From the records below, output exactly the lines starting at the line with "Motivational Runner's Mug" and ending at the line with "betoverend wit ingewikkeld", both of them included, but no pictures.

> **Entries supplied**
***
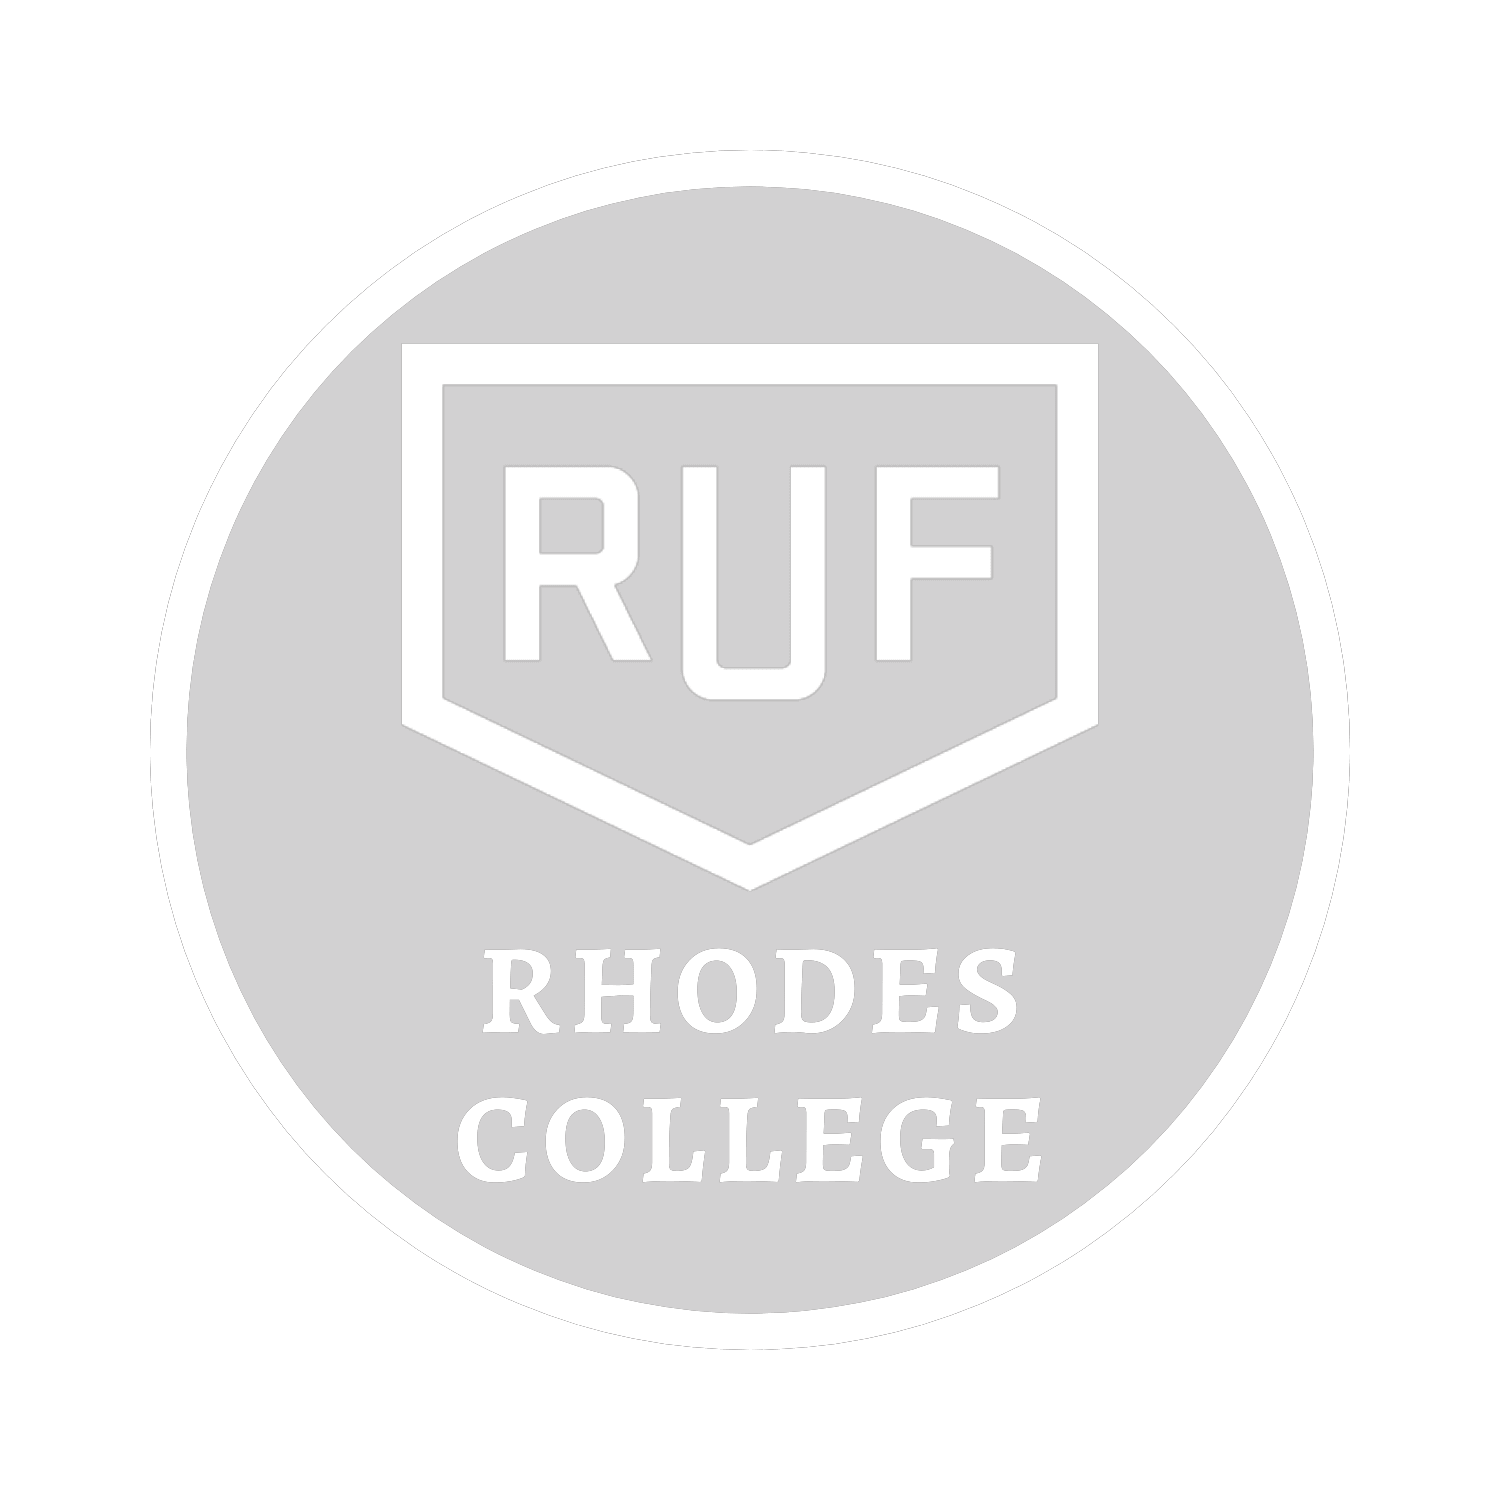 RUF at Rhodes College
***
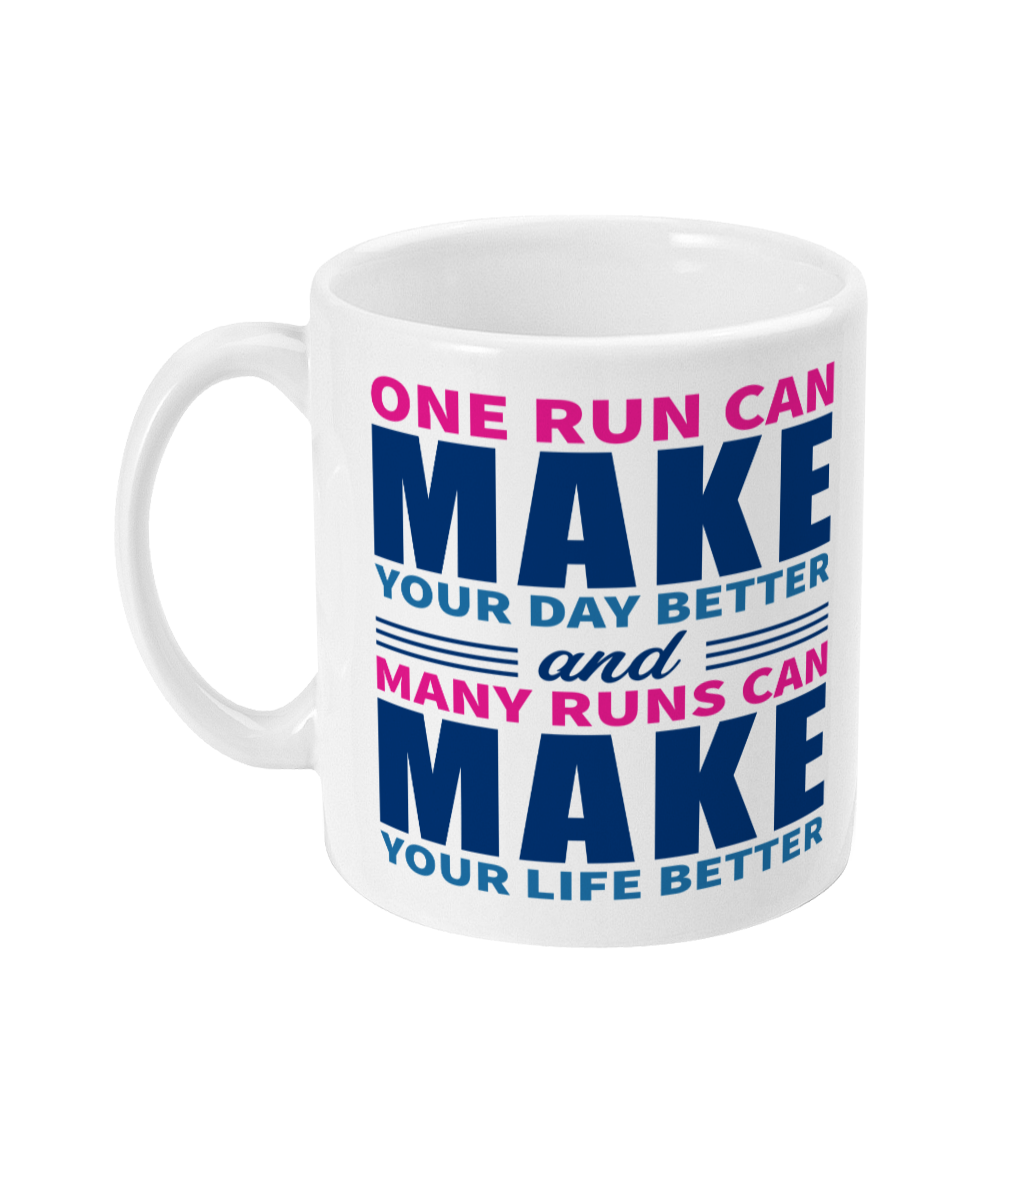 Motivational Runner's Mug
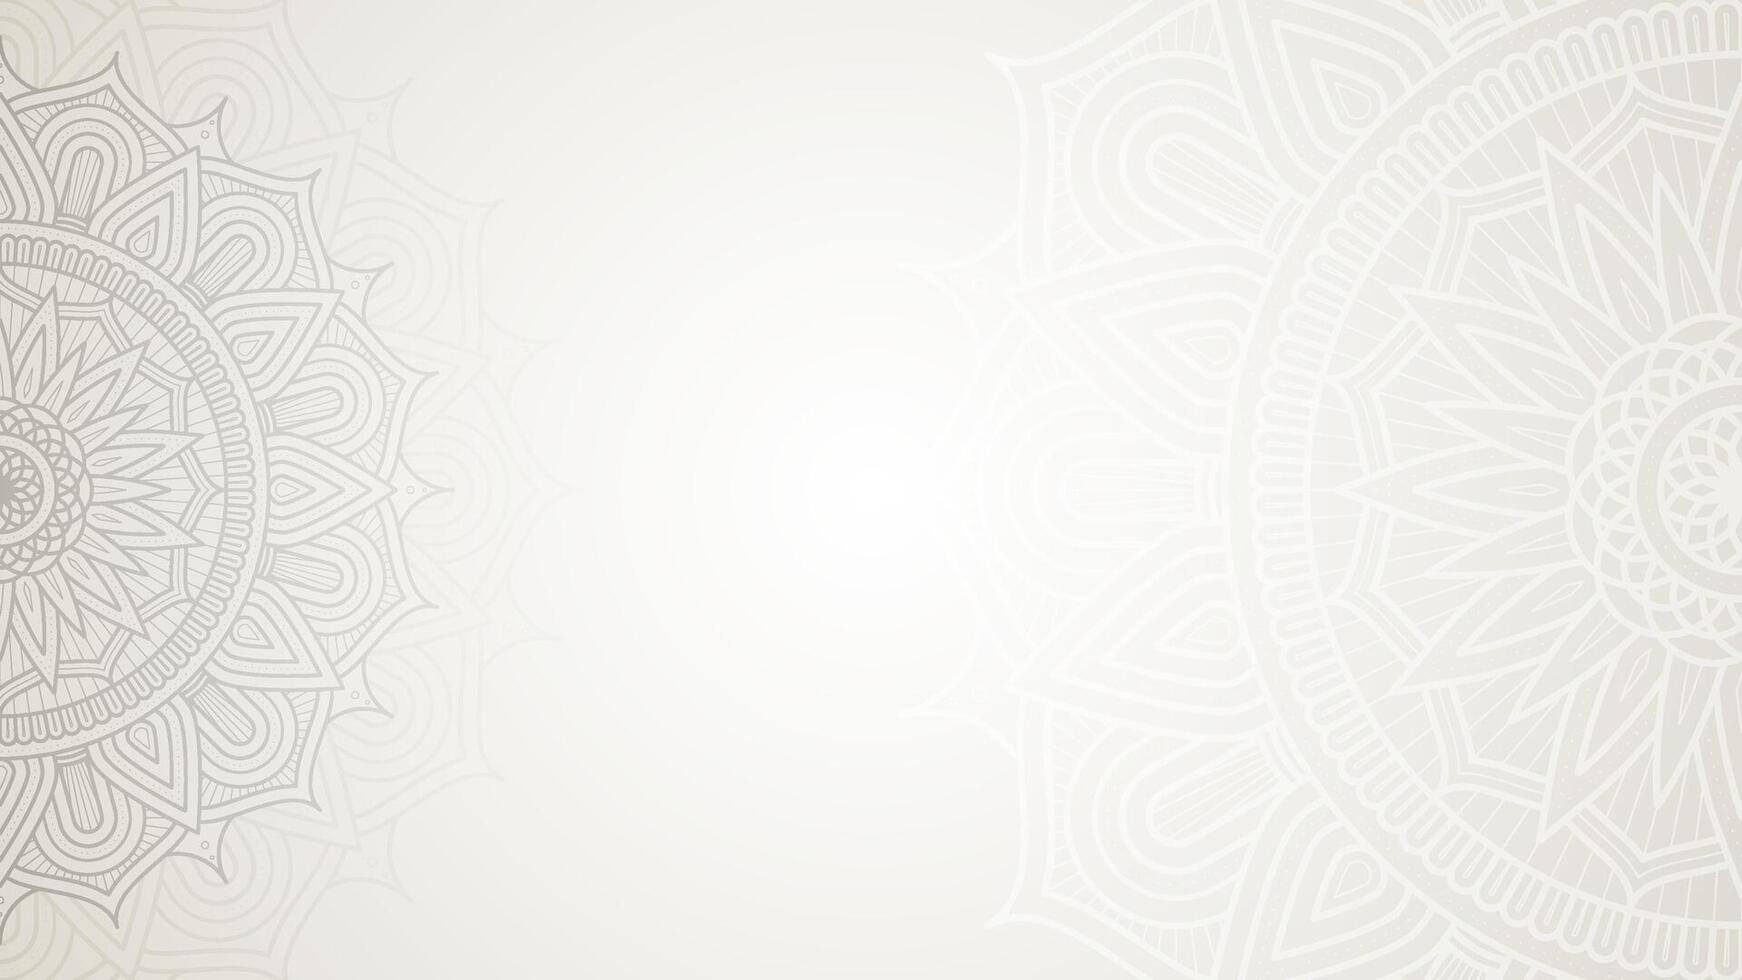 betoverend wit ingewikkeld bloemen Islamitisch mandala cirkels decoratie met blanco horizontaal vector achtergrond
***
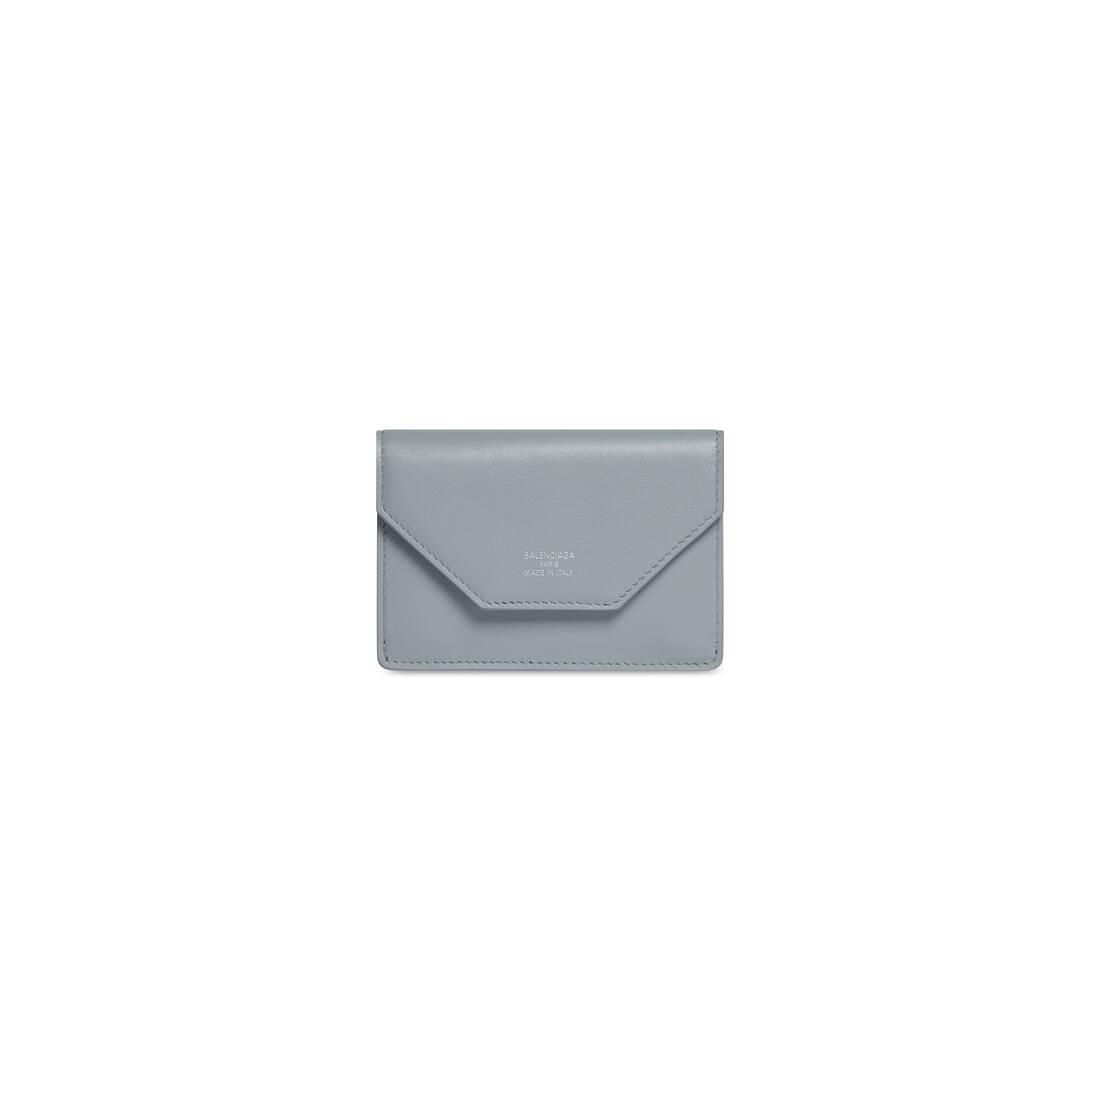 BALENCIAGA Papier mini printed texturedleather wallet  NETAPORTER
***
> **Answer section**
 Motivational Runner's Mug
 betoverend wit ingewikkeld bloemen Islamitisch mandala cirkels decoratie met blanco horizontaal vector achtergrond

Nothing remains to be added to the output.